Mar 2011
Ever been in a situation where you needed to setup configuration files for tens, hundreds or perhaps thousands of systems? Probably. And if not and your a sysadmin, you probably will at some point. This text details how in one small situation I saved myself soem time later on by writing two very small scripts.
The details are relatively simple. A new High Performance Cluster (HPC) going into place needs to be monitored. The tool being used is Nagios. The goal of this particular monitoring instance was to setup service checks using hostgroups to help minimize the maintenance overhead. The problem of course is that the potential to add N compute nodes was (and still is) a reality. Before even bothering to add any nodes by hand I decided to script auto generating what I needed as much as possible. In the end the two small scripts I wrote did the following:
The first script generates host entries and the compute node hostgroup. The second script automatically creates hostgroups by queue. The second script also makes calls to Sun Grid Engine (SGE) to get information regarding queues.

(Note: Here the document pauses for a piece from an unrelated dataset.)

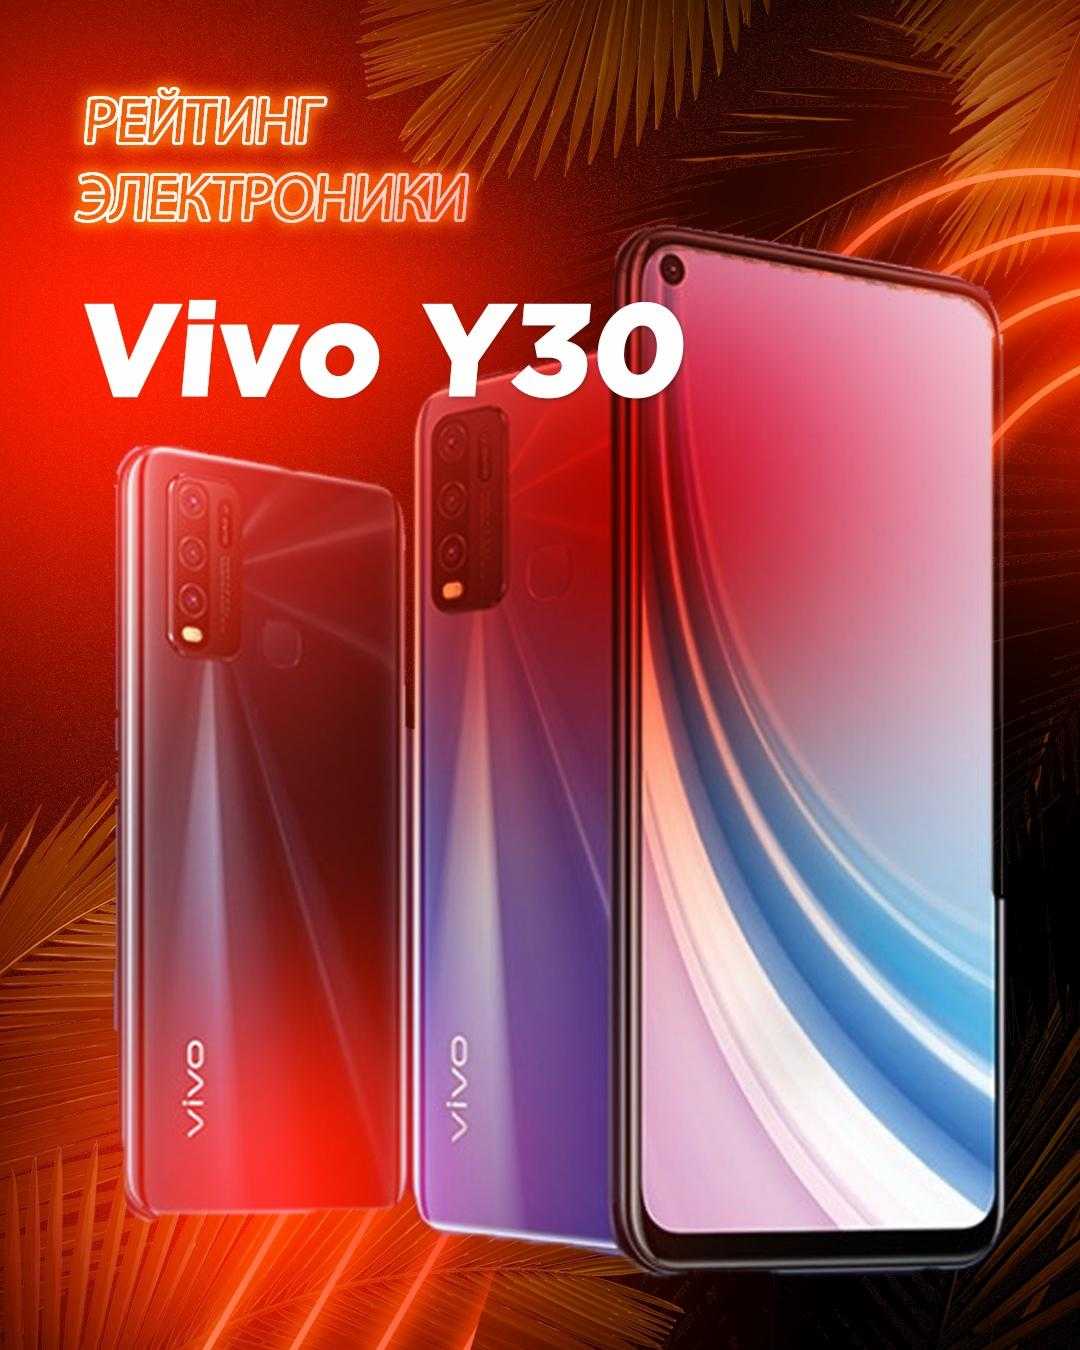 Представили торговой марки Vivo анонсировали новый смартфон средней ценовой категории который пополнил линейку X50 Новинка будет стоить около 480 долларов в штатах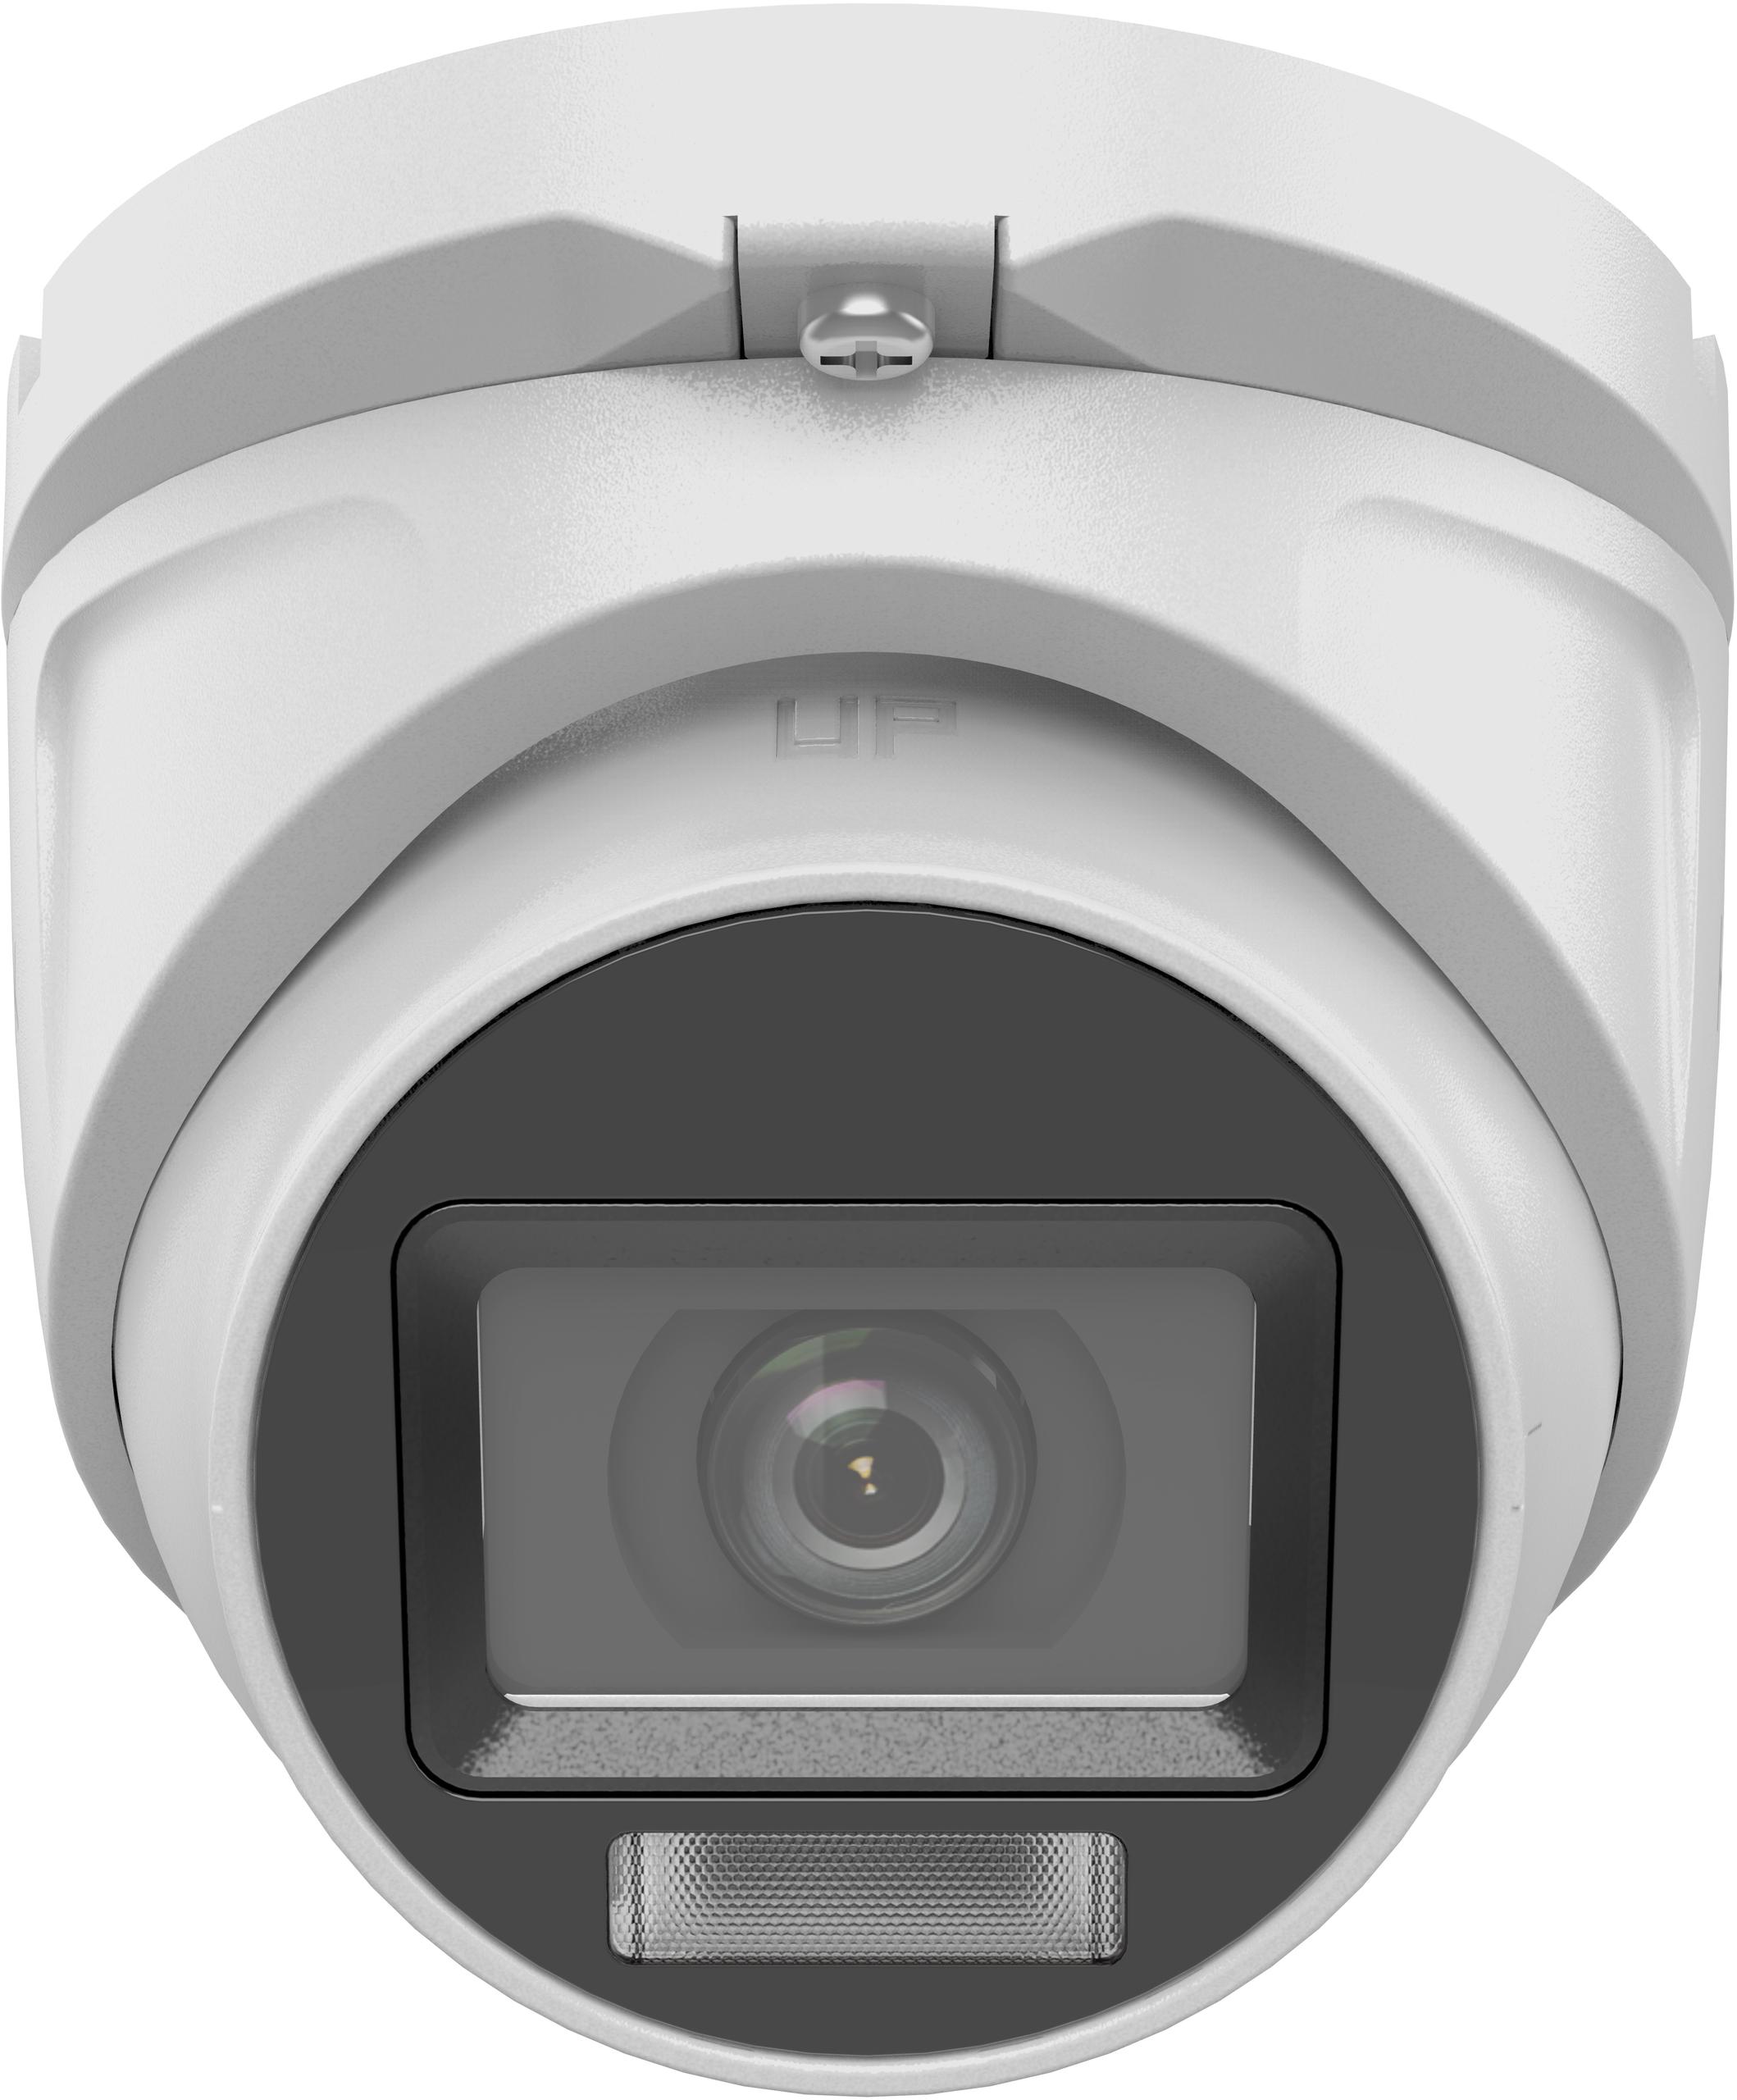 Kamera TVI  Hilook turret 2MP TVICAM-T2M-20DL 2.8mm- nocne widzenie do 20m dzięki opcji dual light

These scripts are purposefully left as close to the originals to allow readers to go in and make improvements. They could use a lot of improvement which of course might make for a good article later on. But they do demonstrate that even if a script can use a lot of improvement at the time they got the job done. And quite well I might add.
#!/usr/bin/perl
# This Creates the basic nagios config files for cluster nodes
$end = 16;
$network = "192.168.0";
print "\# RCHPC1 AUTOGENERATED CONFIG\n";
print "\# DO NOT EDIT THIS DIRECTLY! See the mkclusterconf script!\n";
$x = 11;
$members = "";
$dyn = "";
$liq ="";
for ($i = 1; $i <= $end; $i++) {
if ($i <= 9) {
$hostname = "n00$i";
} else {
$hostname = "n0$i";
}
if ($i == 1) {
$members = "n001";
} else {
$members = "$members,$hostname";
}
print "define host\{\n";
print " use linux-server\n";
print " host_name $hostname\n";
print " alias $hostname.node\n";
print " notes RC HPC Compute Node\n";
print " address $network.$x\n";
print " \}\n\n";
$x++;
}
print "define hostgroup\{\n";
print " hostgroup_name myhpc1-compute-nodes\n";
print " alias All HPC Systems\n";
print " members $members,myhpc-prime\n";
print " \}\n\n";
print "define service\{\n";
print " use generic-service\n";
print " hostgroup_name myhpc1-compute-nodes\n";
print " service_description SSH\n";
print " check_command check_ssh\n";
print " \}\n\n";
print "define service\{\n";
print " use generic-service\n";
print " hostgroup_name myhpc1-compute-nodes\n";
print " service_description Current Load\n";
print " check_command snmp_load\n";
print " \}\n\n";
print "define service\{\n";
print " use generic-service\n";
print " hostgroup_name myhpc1-compute-nodes\n";
print " service_description RPC\n";
print " check_command check_rpc_port\n";
print " \}\n\n";
#!/bin/sh
echo "define hostgroup{"
echo " hostgroup_name hpc-infrastructure"
echo " alias HPC Infrastructure"
echo " members myhpc-prime"
echo " }"
hostlist=`qconf -shgrp @allhosts|grep hostlist`
echo "define hostgroup{"
echo " hostgroup_name all-queue"
echo " alias SGE Queue ALL"
echo -n " members "
for n in $hostlist
do
if [ $n != "hostlist" ]; then
echo -n "${n},"
fi
done
echo " "
echo " }"
hostlist=`qconf -shgrp @dynhosts|grep hostlist`
echo "define hostgroup{"
echo " hostgroup_name dyn-queue"
echo " alias SGE Queue Dyna"
echo -n " members "
for n in $hostlist
do
if [ $n != "hostlist" ]; then
echo -n "${n},"
fi
done
echo " "
echo " }"
hostlist=`qconf -shgrp @liqhosts|grep hostlist`
echo "define hostgroup{"
echo " hostgroup_name liq-queue"
echo " alias SGE Queue Liq"
echo -n " members "
for n in $hostlist
do
if [ $n != "hostlist" ]; then
echo -n "${n},"
fi
done
echo " "
echo " }"
Executing the scripts is pretty simple:
./mkclusterconf.pl > myhpc.cfg ./mkquegrps.sh >> myhpc.cfg
Laziness is a virtue for a sysadmin. Even being so lazy as to generate configuration scripts without the muss and fuss of having to yank and put a lot of lines.